Records shown →
⟨

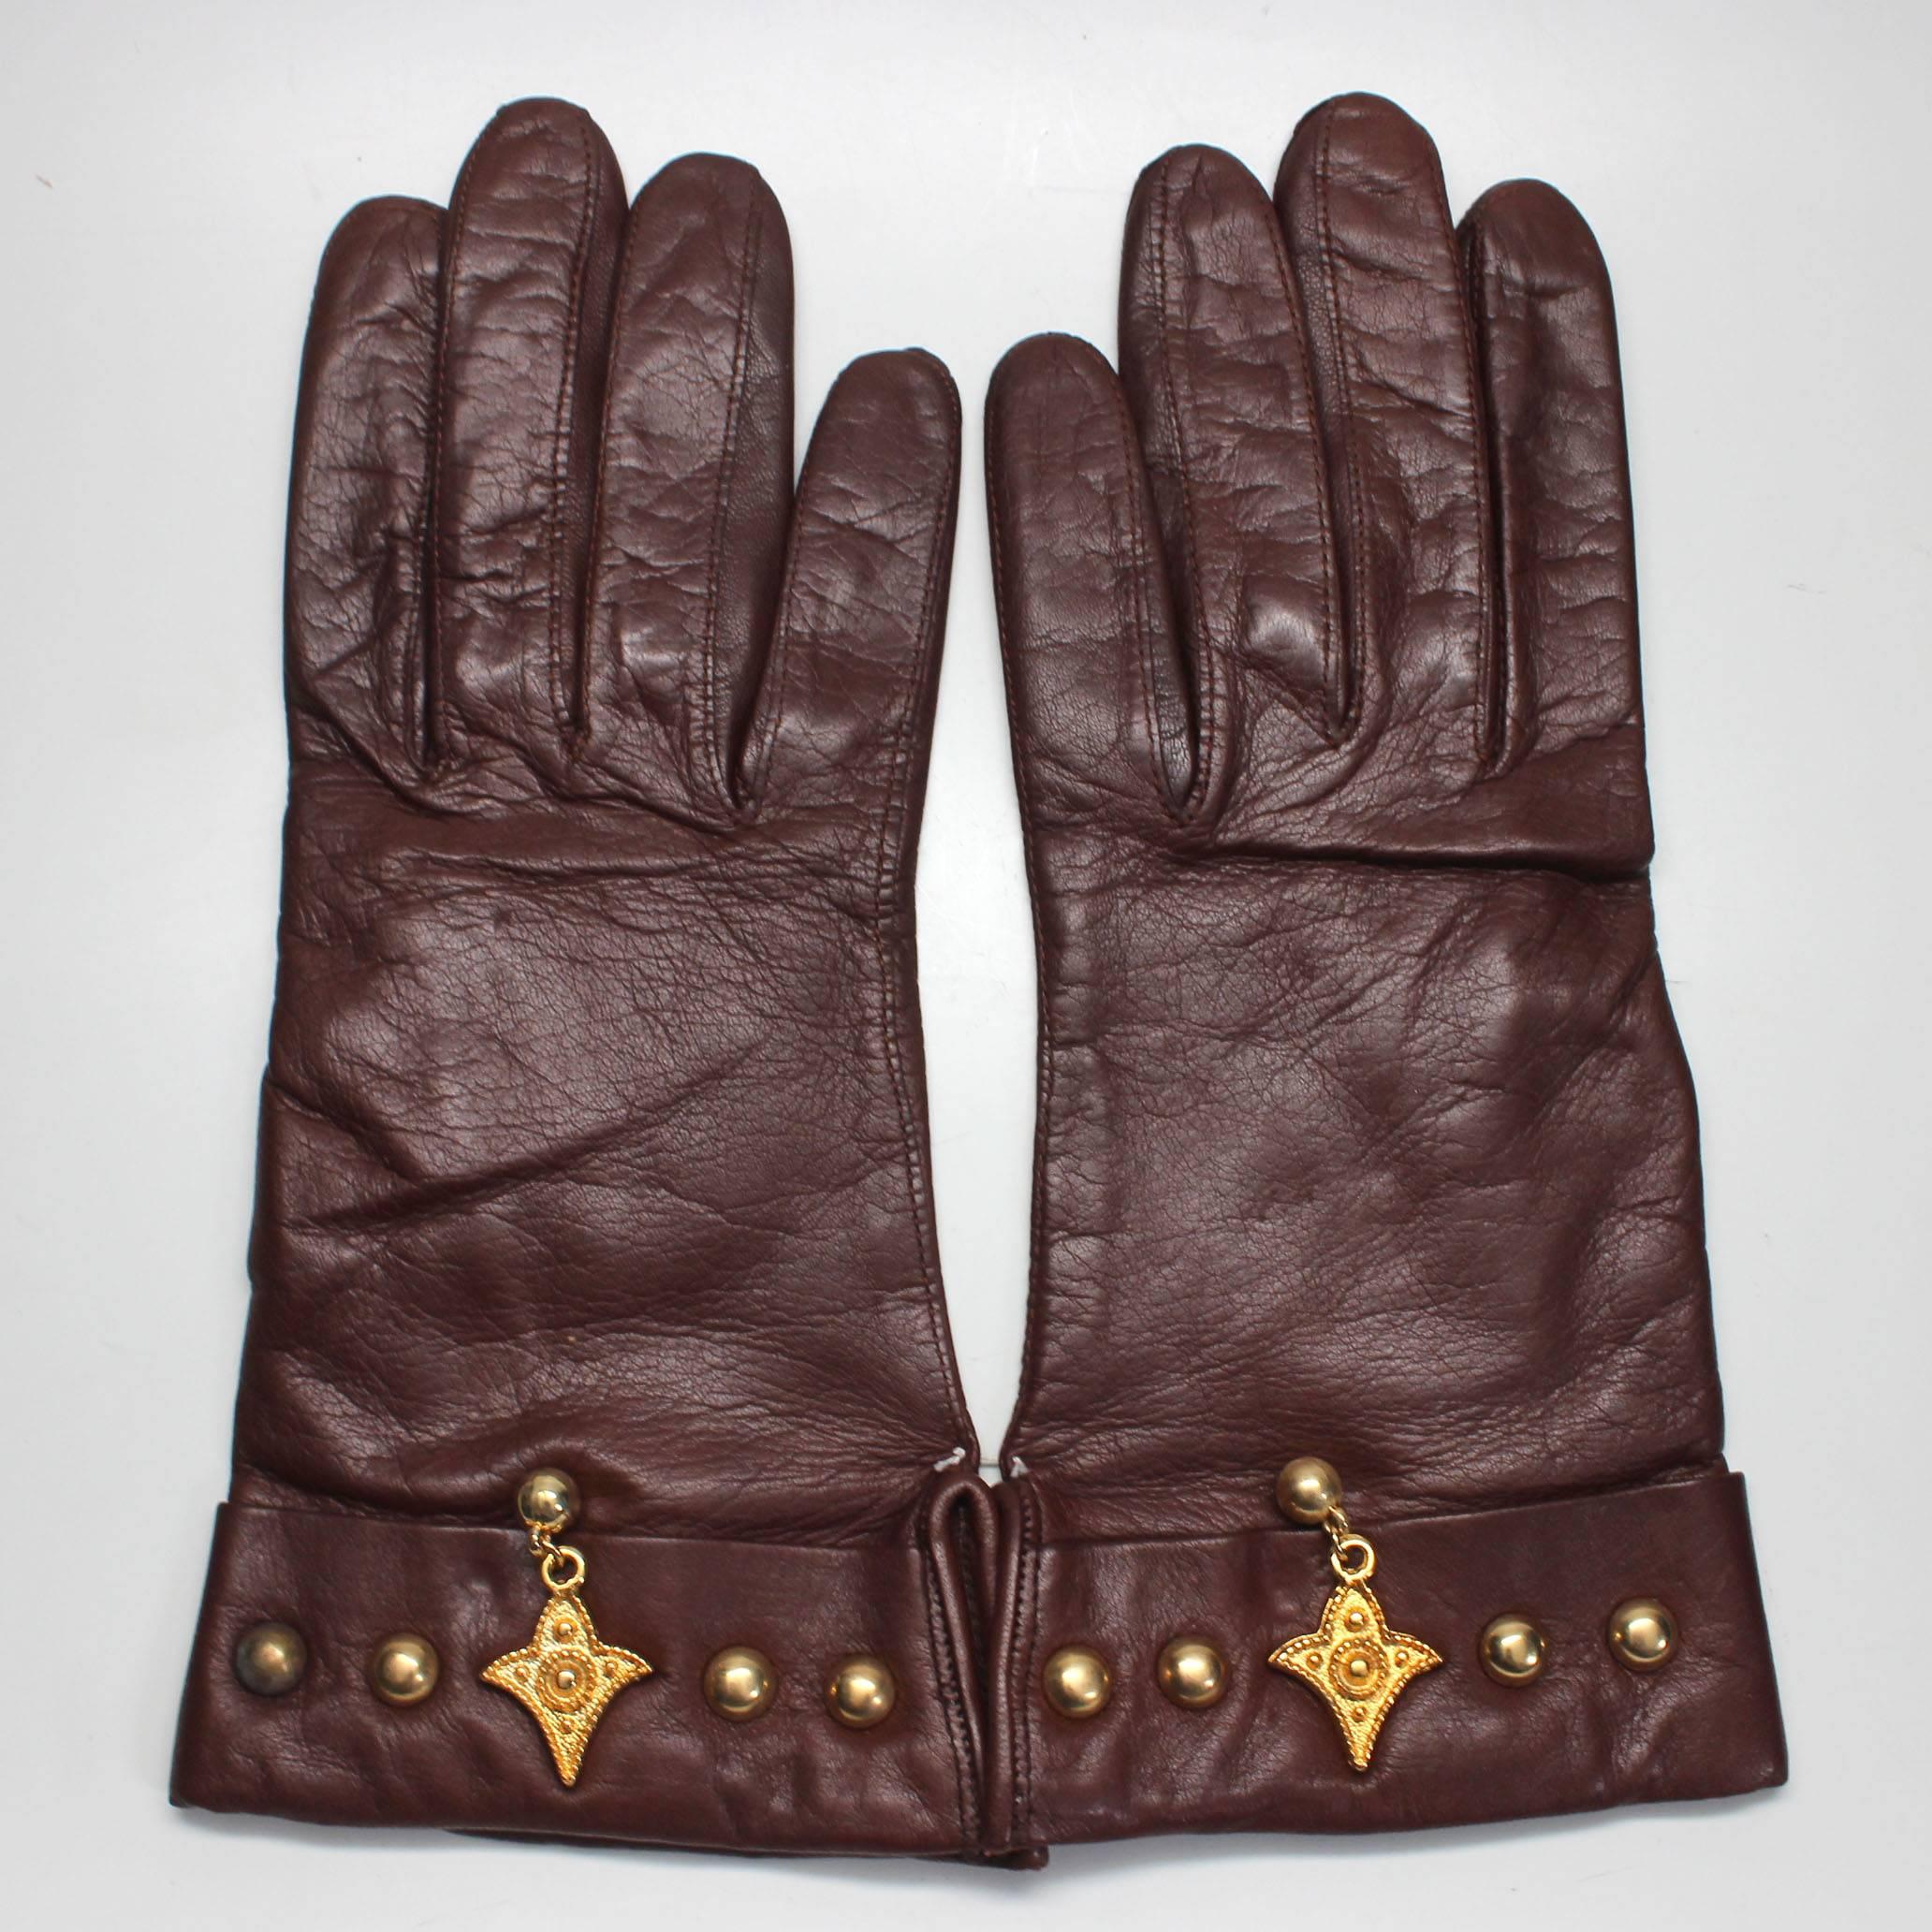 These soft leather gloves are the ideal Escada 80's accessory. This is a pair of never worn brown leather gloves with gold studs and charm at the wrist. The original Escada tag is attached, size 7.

⟩
⟨

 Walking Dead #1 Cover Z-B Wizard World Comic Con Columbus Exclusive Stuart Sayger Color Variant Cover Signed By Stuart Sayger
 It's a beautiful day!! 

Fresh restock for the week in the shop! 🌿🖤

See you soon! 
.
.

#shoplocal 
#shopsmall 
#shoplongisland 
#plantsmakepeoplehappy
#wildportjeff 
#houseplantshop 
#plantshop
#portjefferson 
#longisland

⟩
⟨

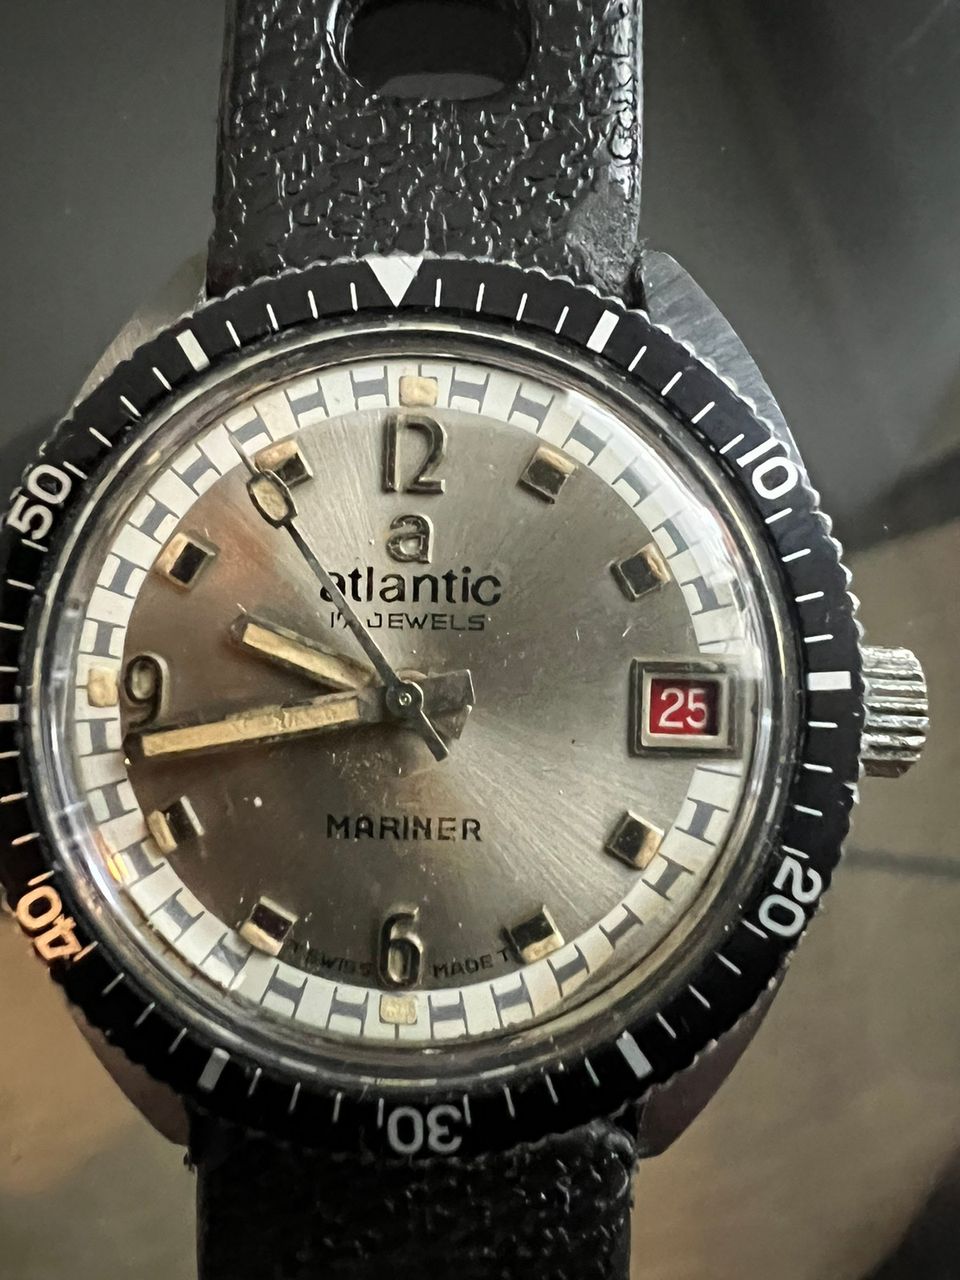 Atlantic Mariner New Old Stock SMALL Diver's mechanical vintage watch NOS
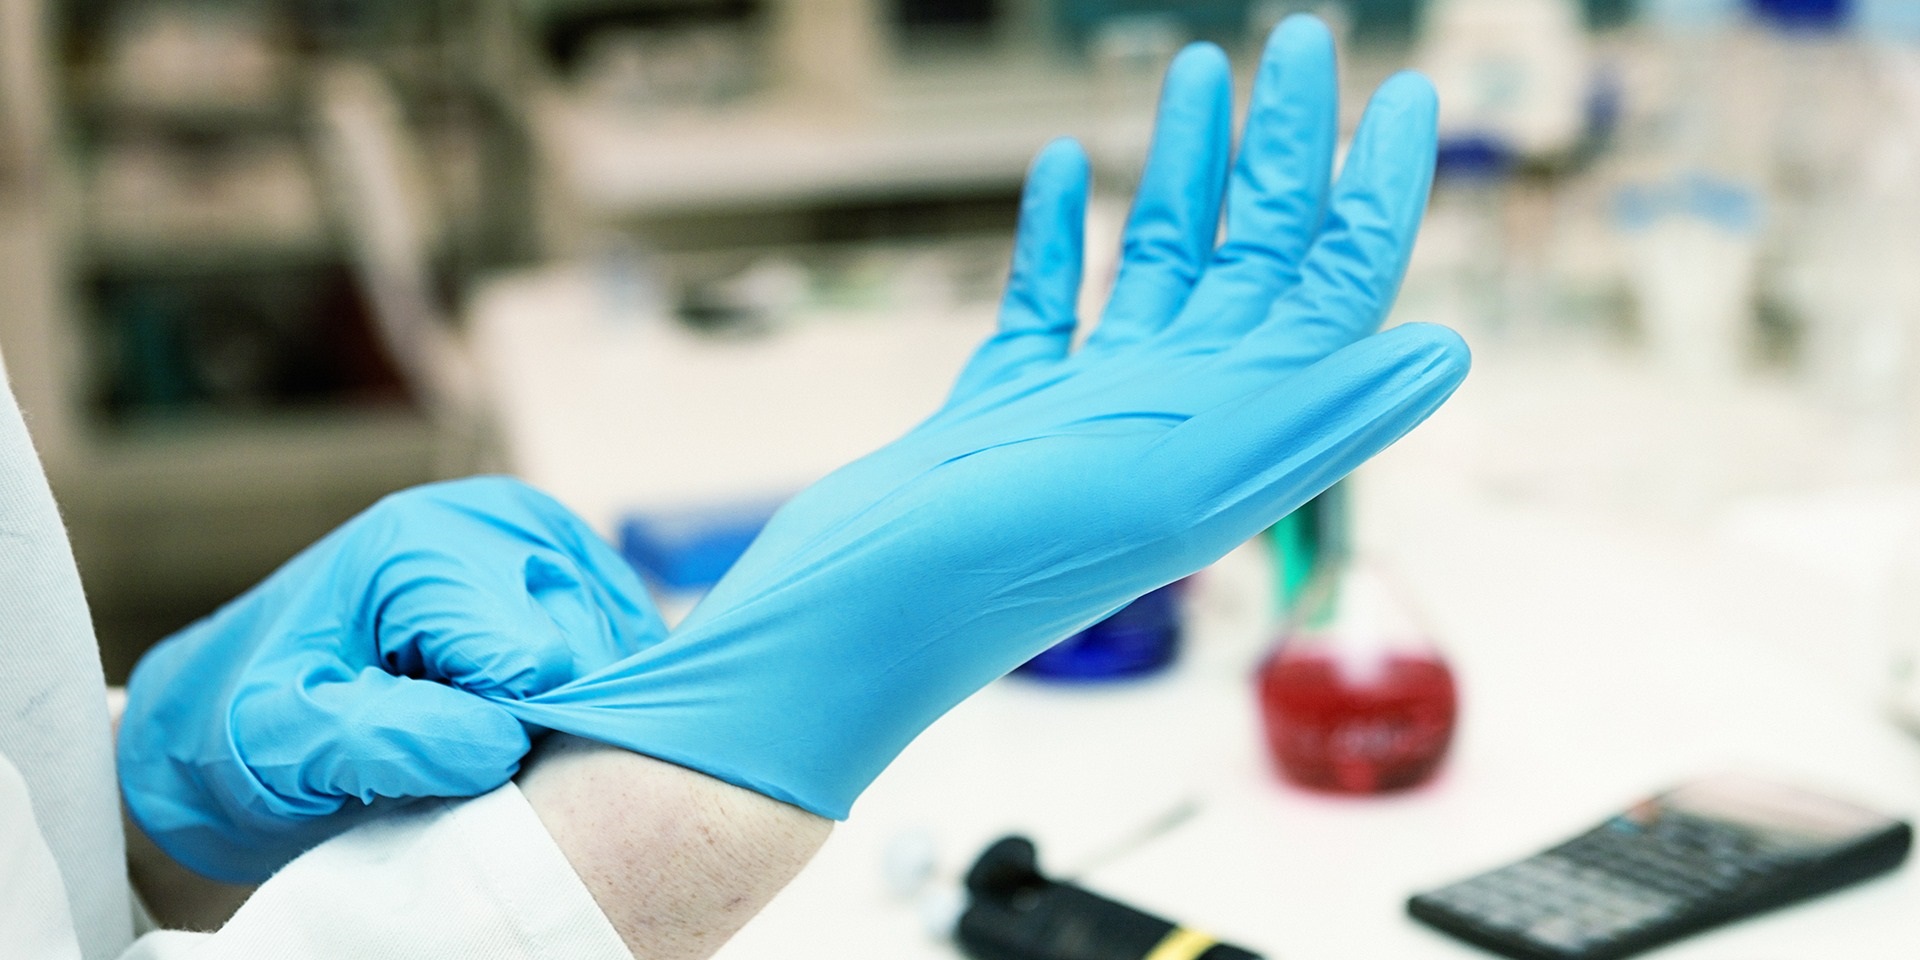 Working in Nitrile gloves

⟩

What is needed → Nothing should appear in the answer except the lines above from the line with "#houseplantshop" through the line with "#longisland", both included, written out exactly.

Task output →
#houseplantshop 
#plantshop
#portjefferson 
#longisland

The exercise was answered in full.